A workshop is "very important to improving our understanding and the understanding of industry as to how this might work," he said. "It's a very new issue. And it's broader than simply the bidding and allocation processes for capacity that exist now." The workshop will be held at 9:30 a.m. on Oct. 20 at FERC's headquarters.

In Dynegy Corp.'s view, the proposed daily auctioning of short-term capacity could lead to a logistical nightmare for marketers and other buyers of pipeline capacity. "Just the logistics of a day-ahead market will be incredibly (and unnecessarily) complicated. We'll have a day-ahead capacity bid, two prior-to-gas-day nominations and four bumping opportunities," it noted in comments that still are in the draft stage.

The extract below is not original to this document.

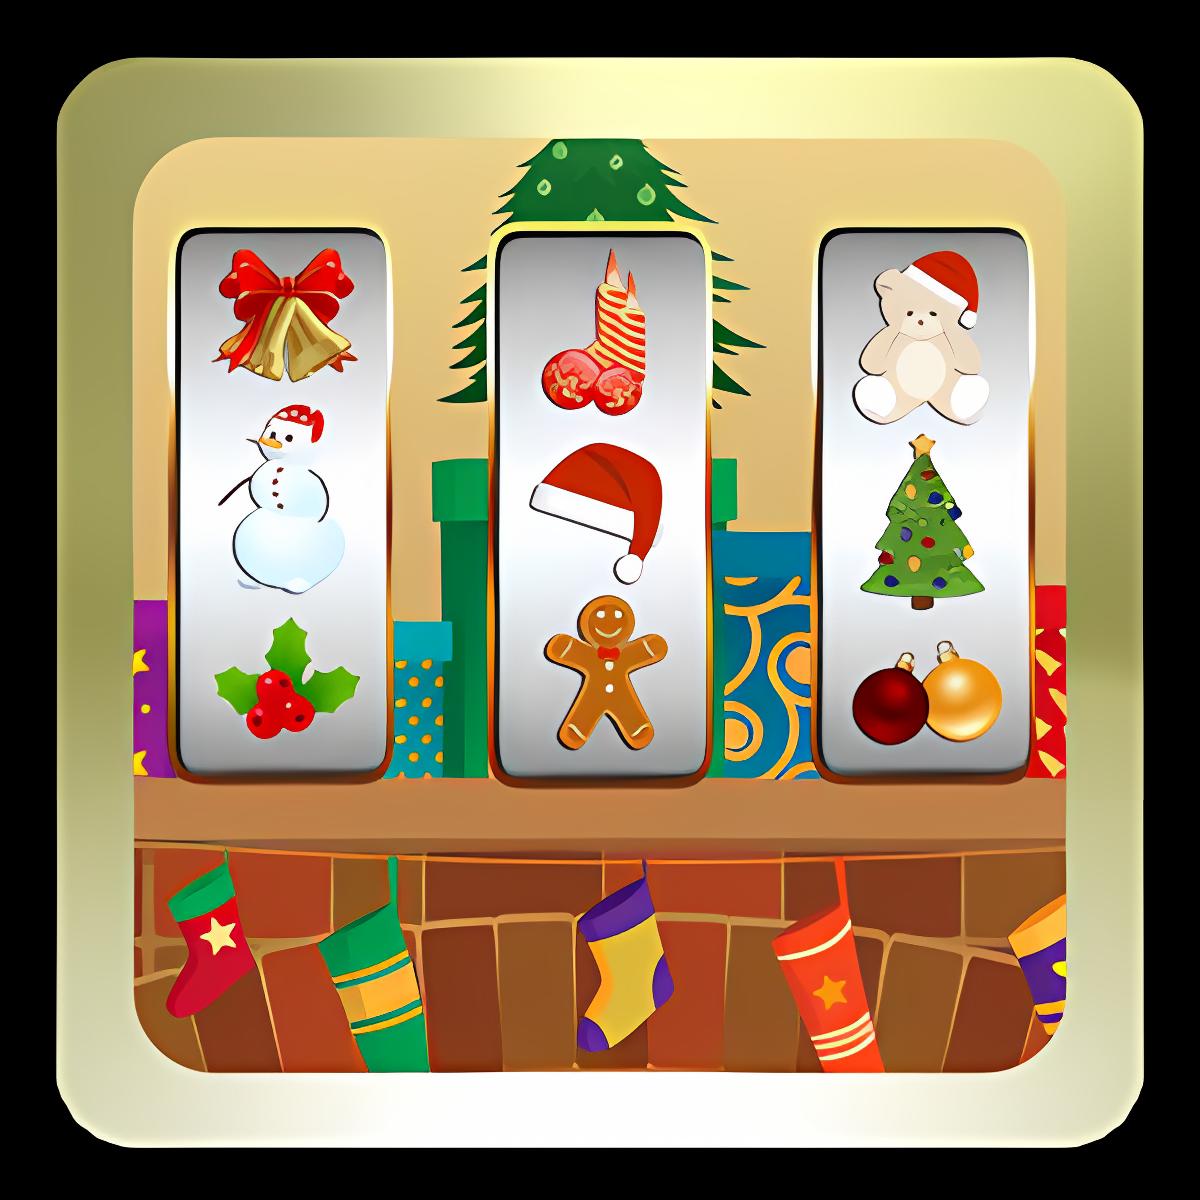 Máquina Tragaperras de Navidad

Auctioning will unnecessarily demand shorter lead times for purchasing transportation and supply, ultimately playing havoc with the market, Dynegy believes. "We're talking about introducing into the gas market one of the primary reasons [why] the electric market has become so volatile. In the electric market, short lead times (and concomitant price volatility) are inevitable because of the lack of storage. [But] gas has storage and line pack, so daily and hourly trading is much less of a necessity," the company draft said.

Also, since daily auctioning will force gas suppliers to line up supply, transportation and markets simultaneously, they will always either be long or short, Dynegy noted. "Suppliers need to be able to match the supply deal with capacity deal. This can be accomplished today via pre-arranged deals. But, if under the FERC's proposal, one has to bid for transportation before supply is wrapped up or has to buy gas before transportation, then we've created a situation where suppliers are perpetually long or short. This is a huge market dislocation. There will be fewer and fewer willing to play in this distorted market."